§ **INFORMATION PROVIDED**:
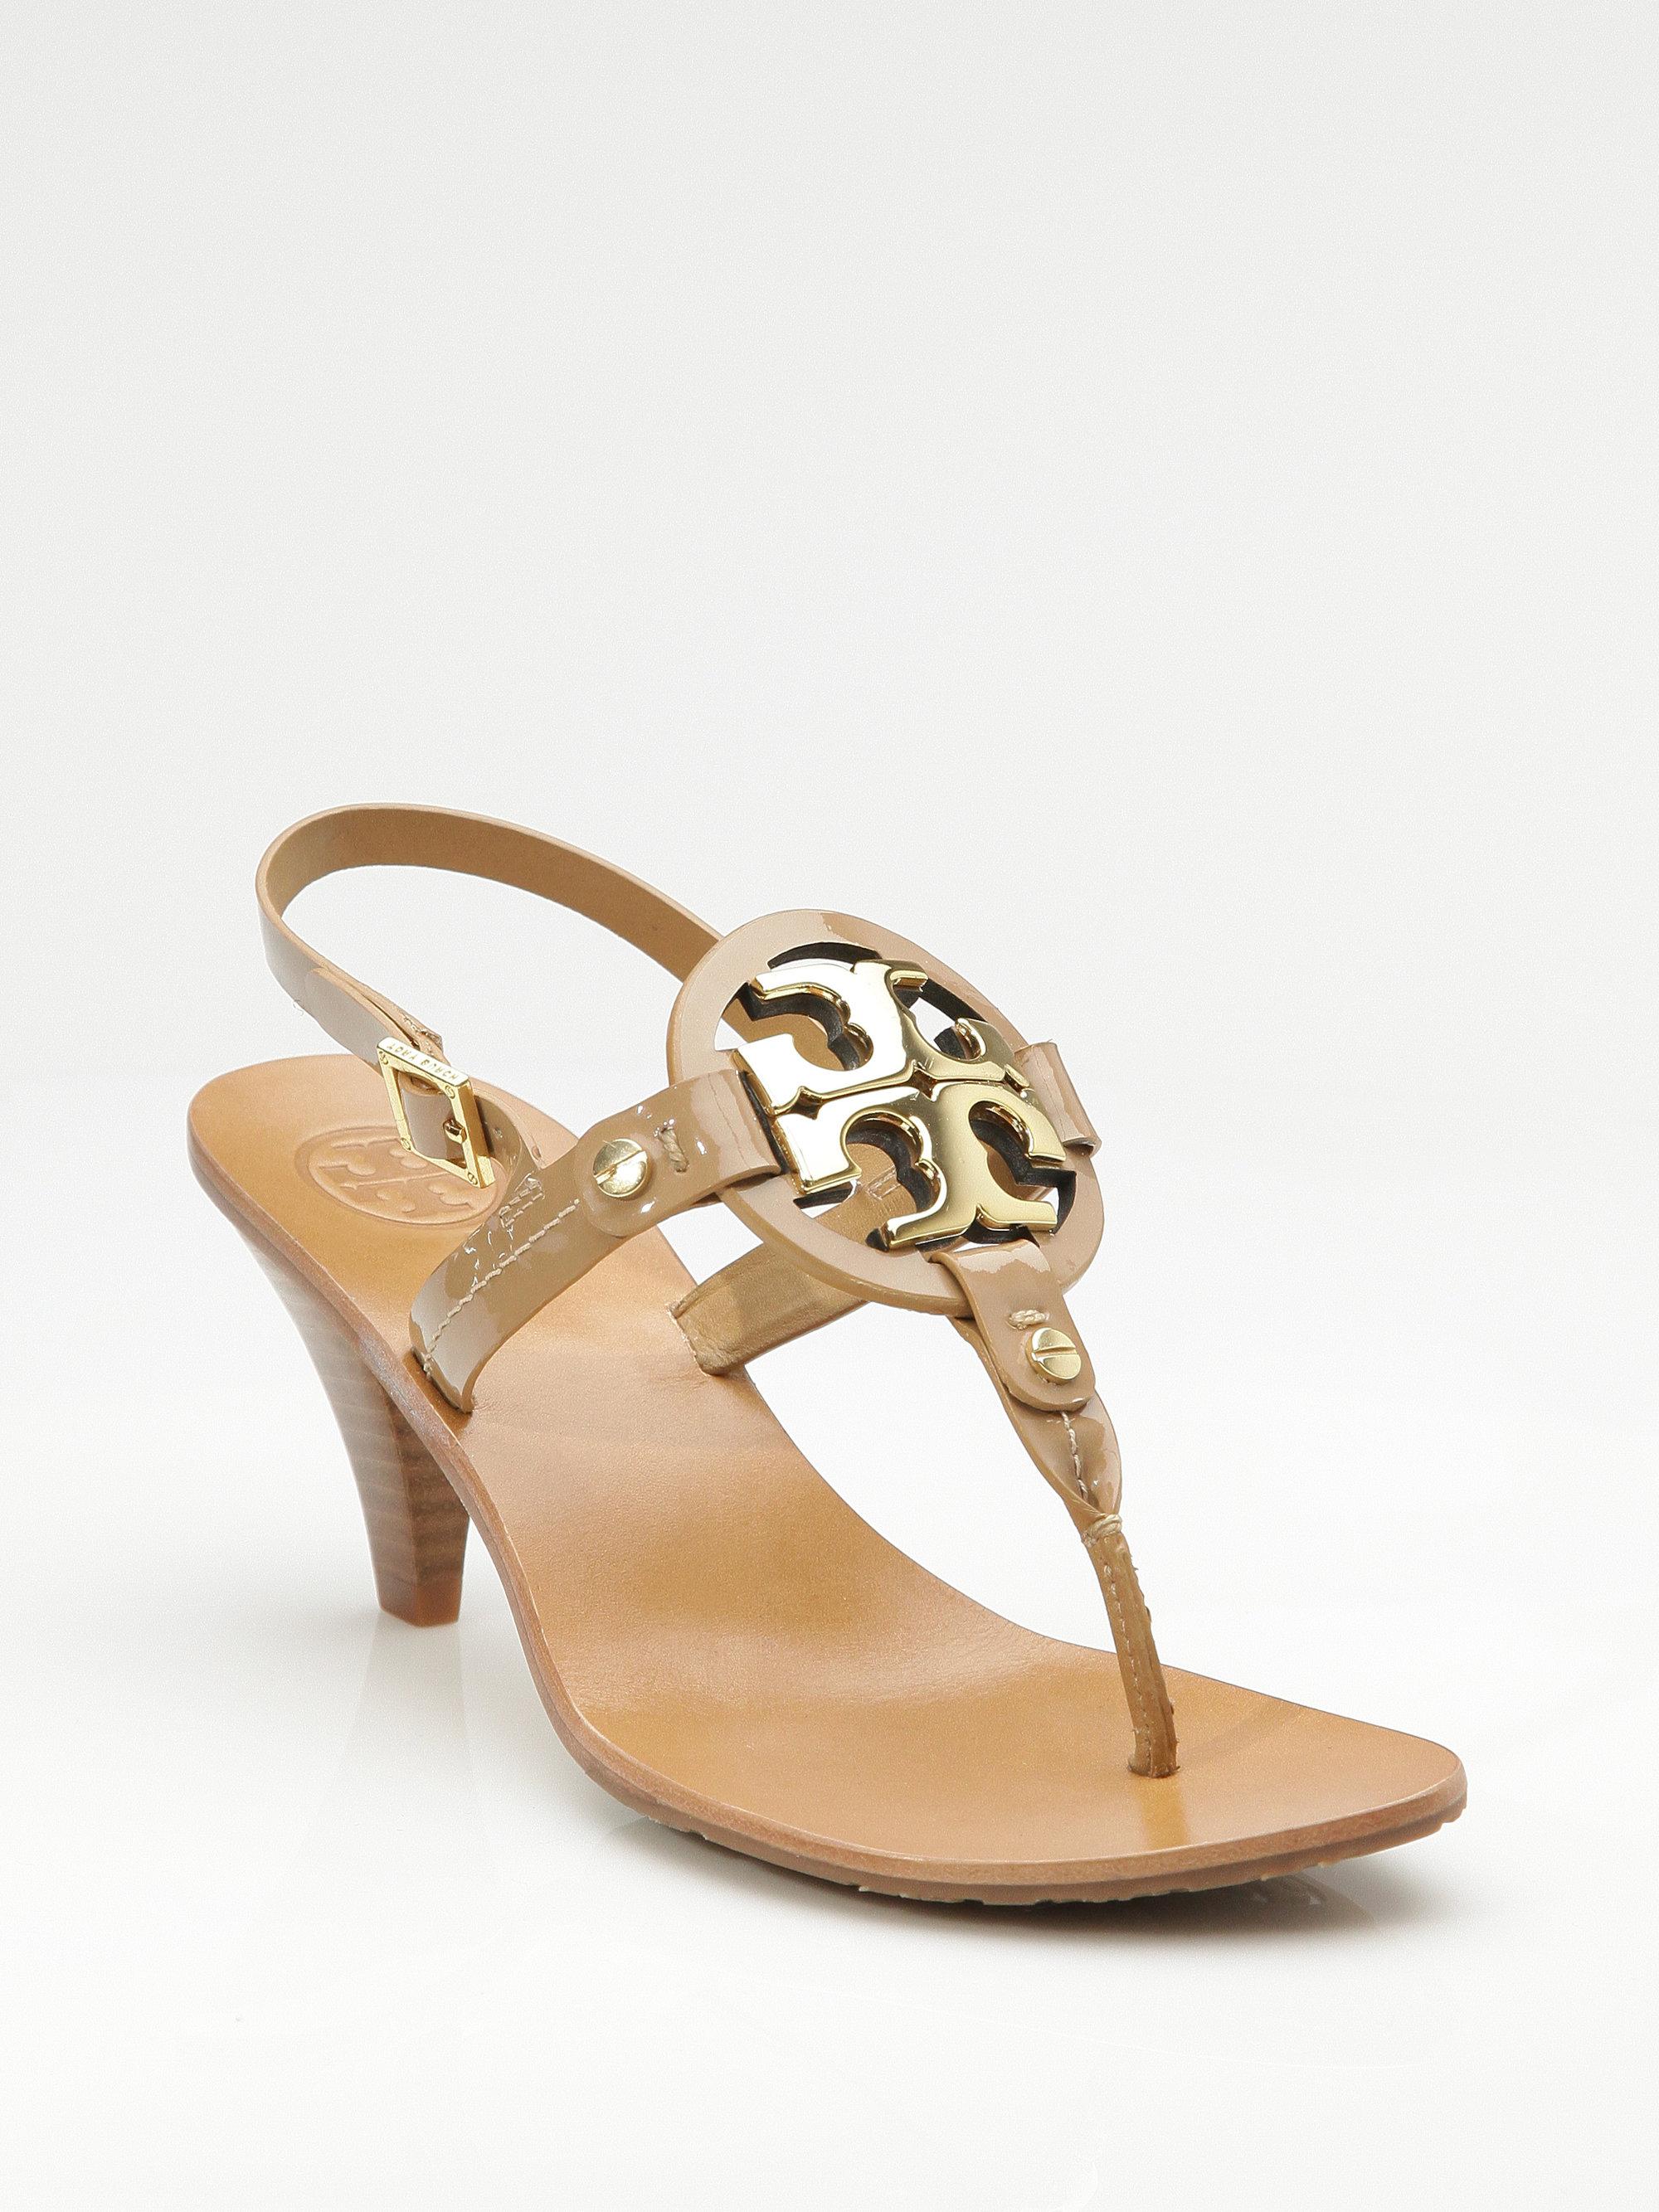 Tory Burch Holly 2 Kitten Heel Logo Patent Thong Sandals
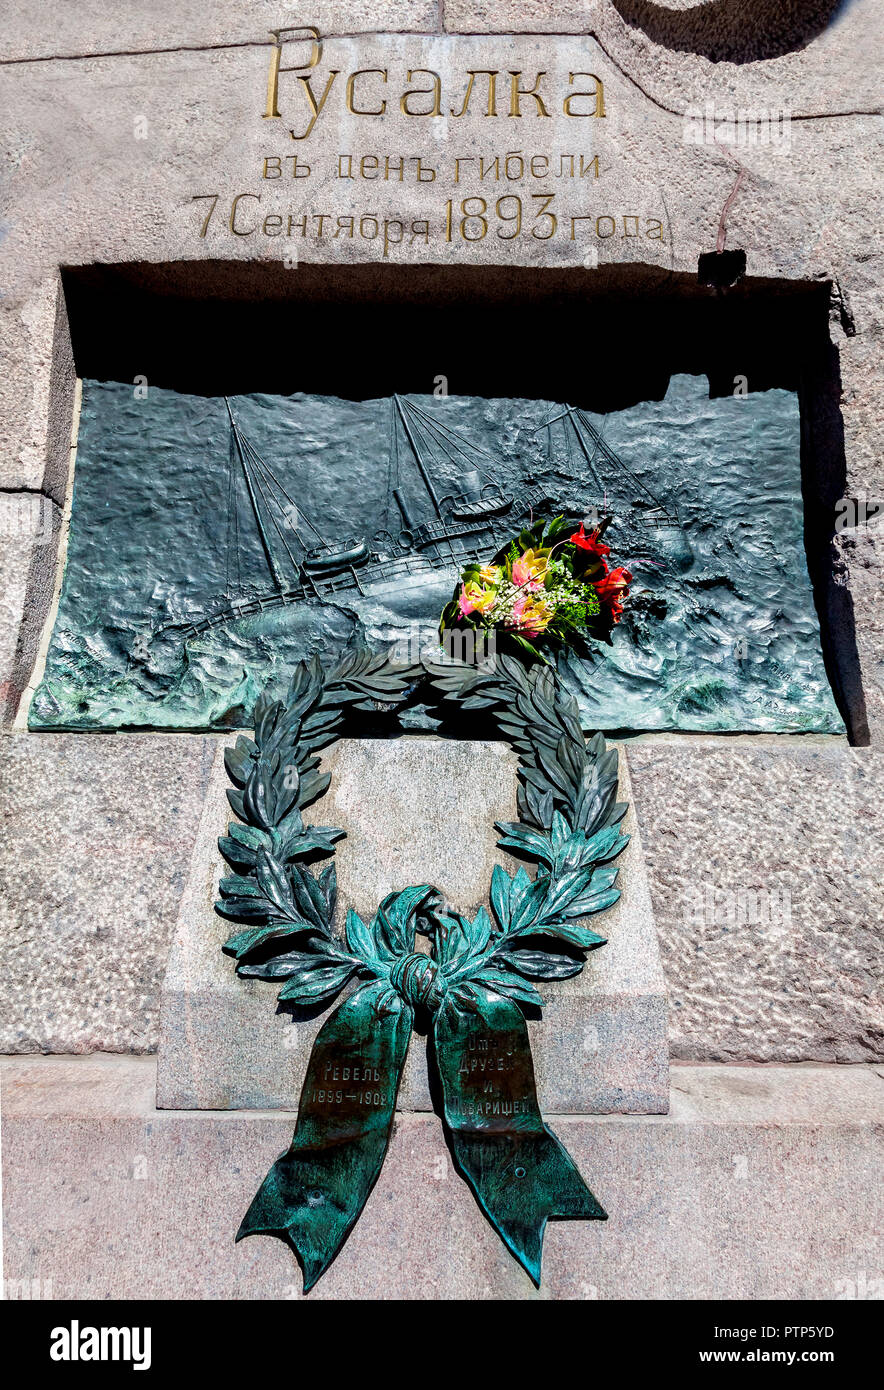 Russalka Memorial in Tallinn commemorating the sinking of Russian warship Rusalka in 1893 - Stock Image
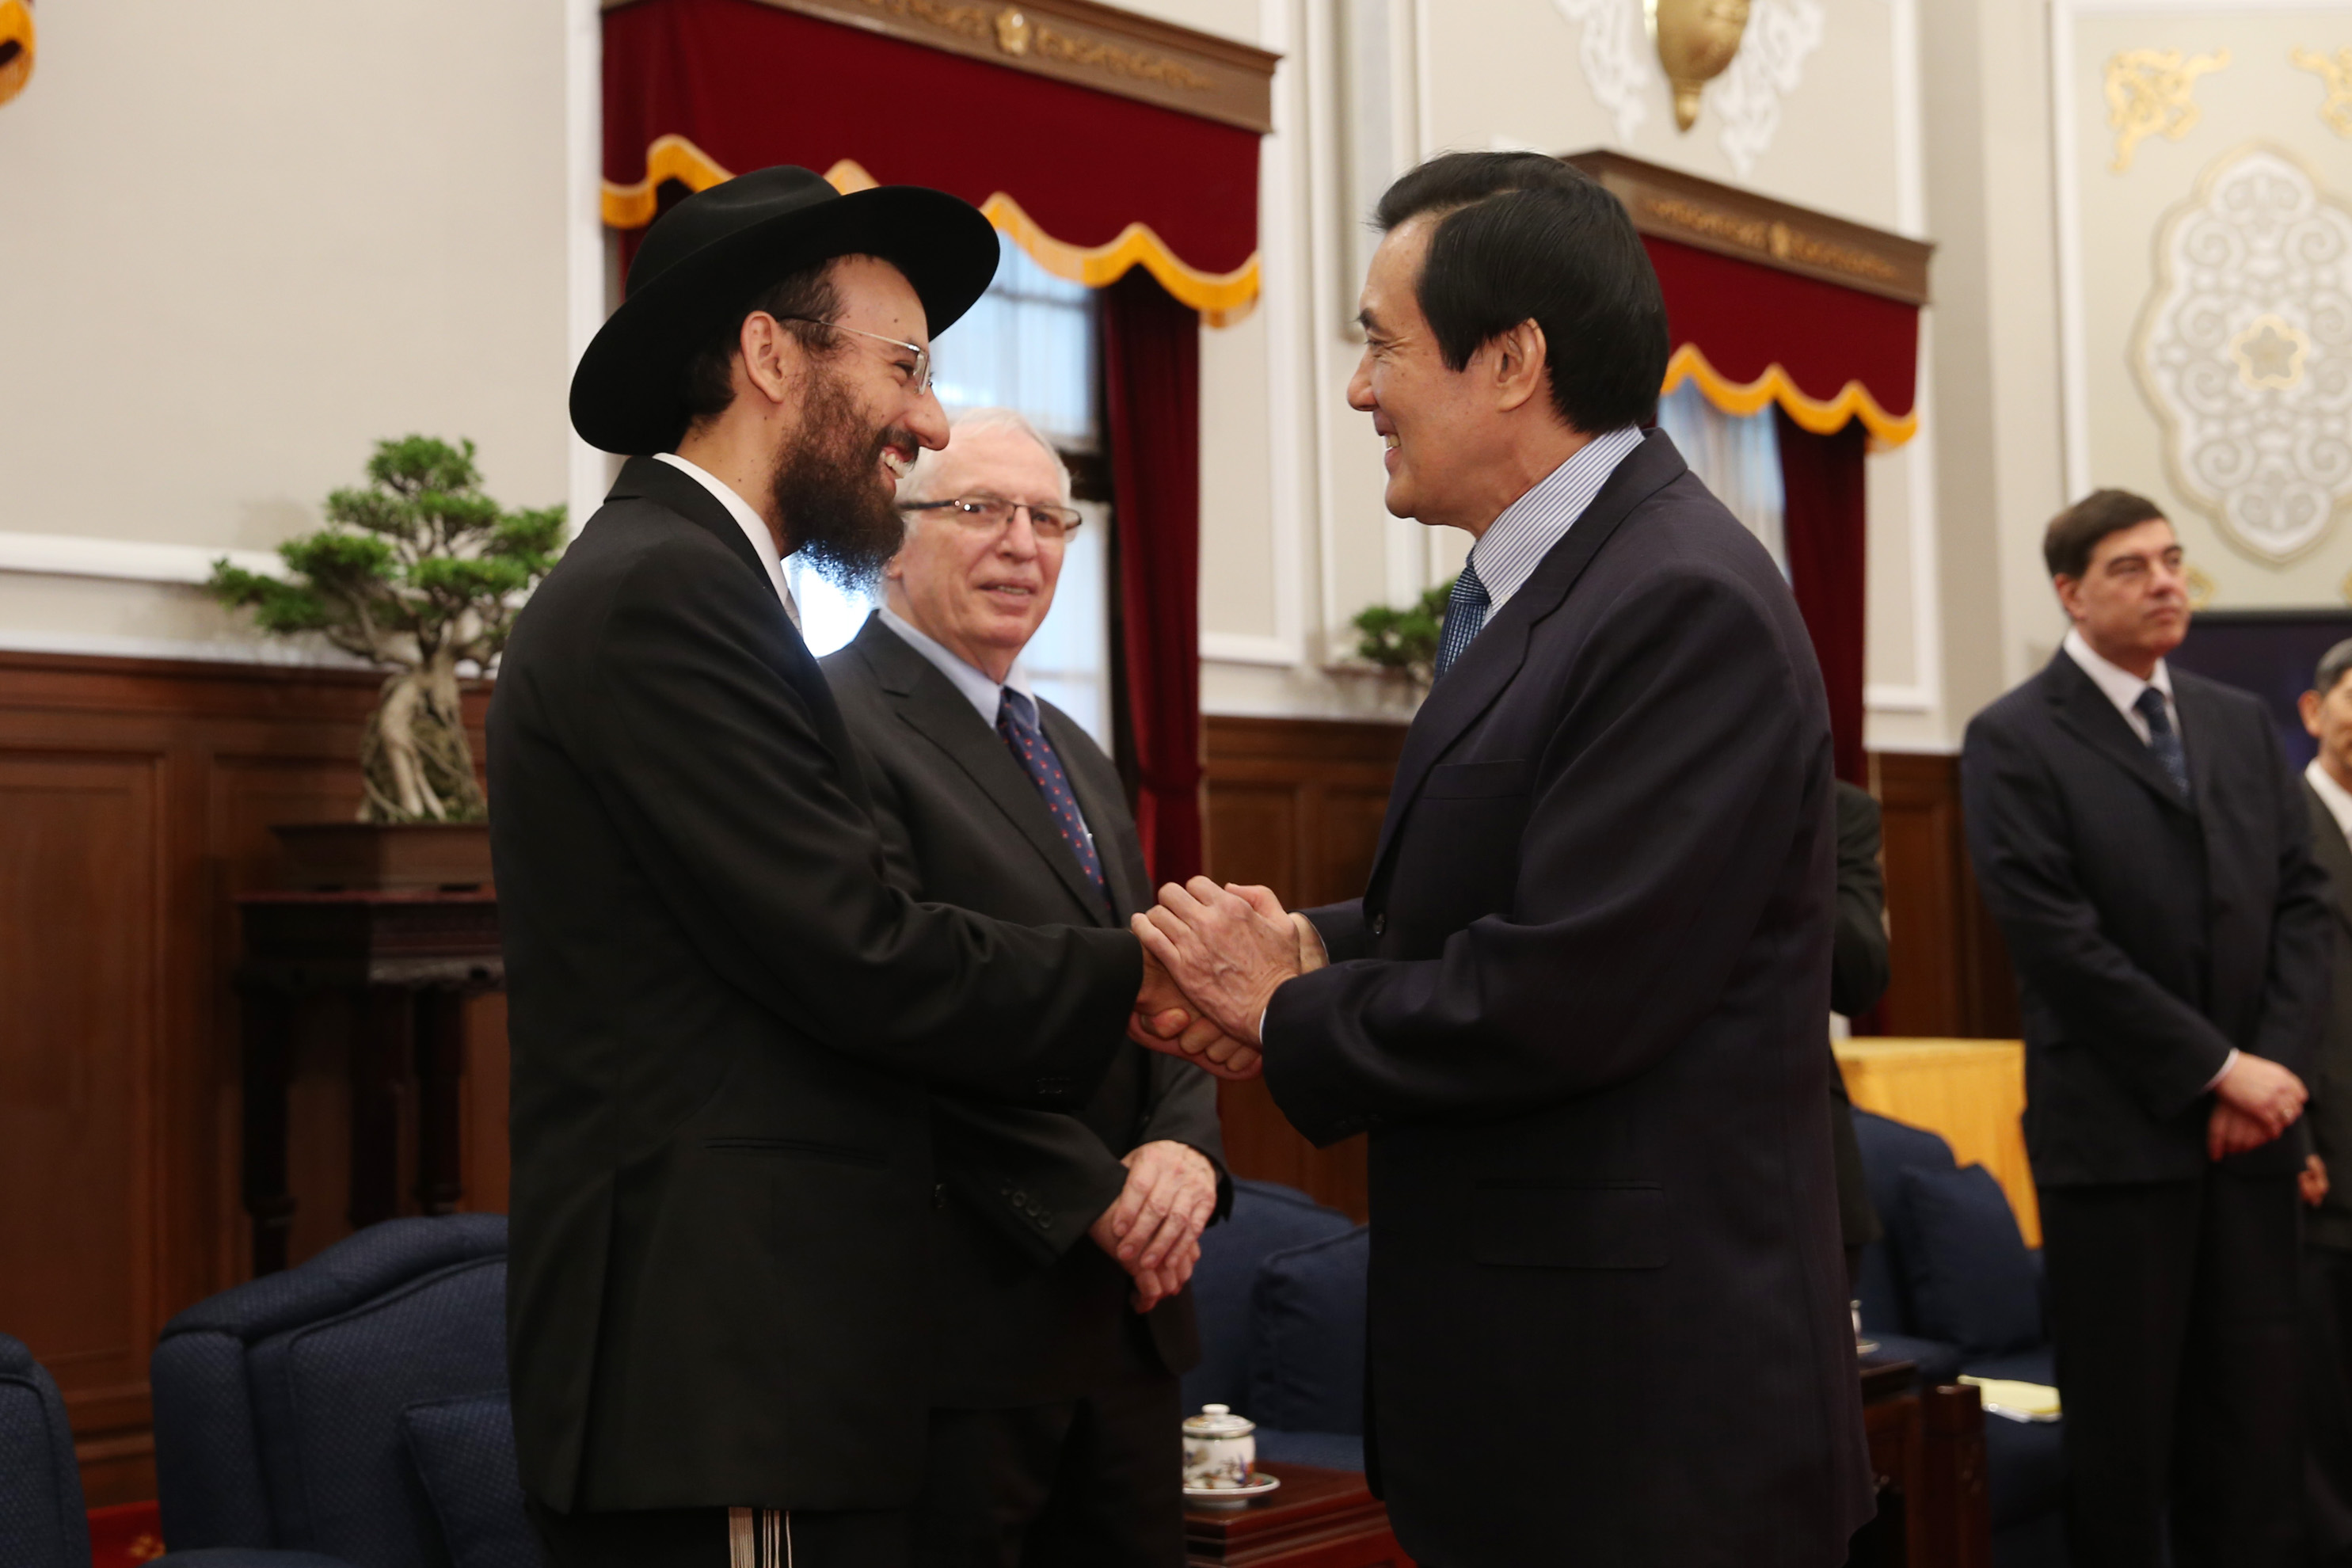 """Ros hasanakor 300-an vagyunk"" – a tajvani rabbi optimista"

§ **TASK OBJECTIVE**:
Would you set down each line of the listing above exactly, apart from the pictures?

§ **ANSWER BOX**:
 Tory Burch Holly 2 Kitten Heel Logo Patent Thong Sandals
 Russalka Memorial in Tallinn commemorating the sinking of Russian warship Rusalka in 1893 - Stock Image
 """Ros hasanakor 300-an vagyunk"" – a tajvani rabbi optimista"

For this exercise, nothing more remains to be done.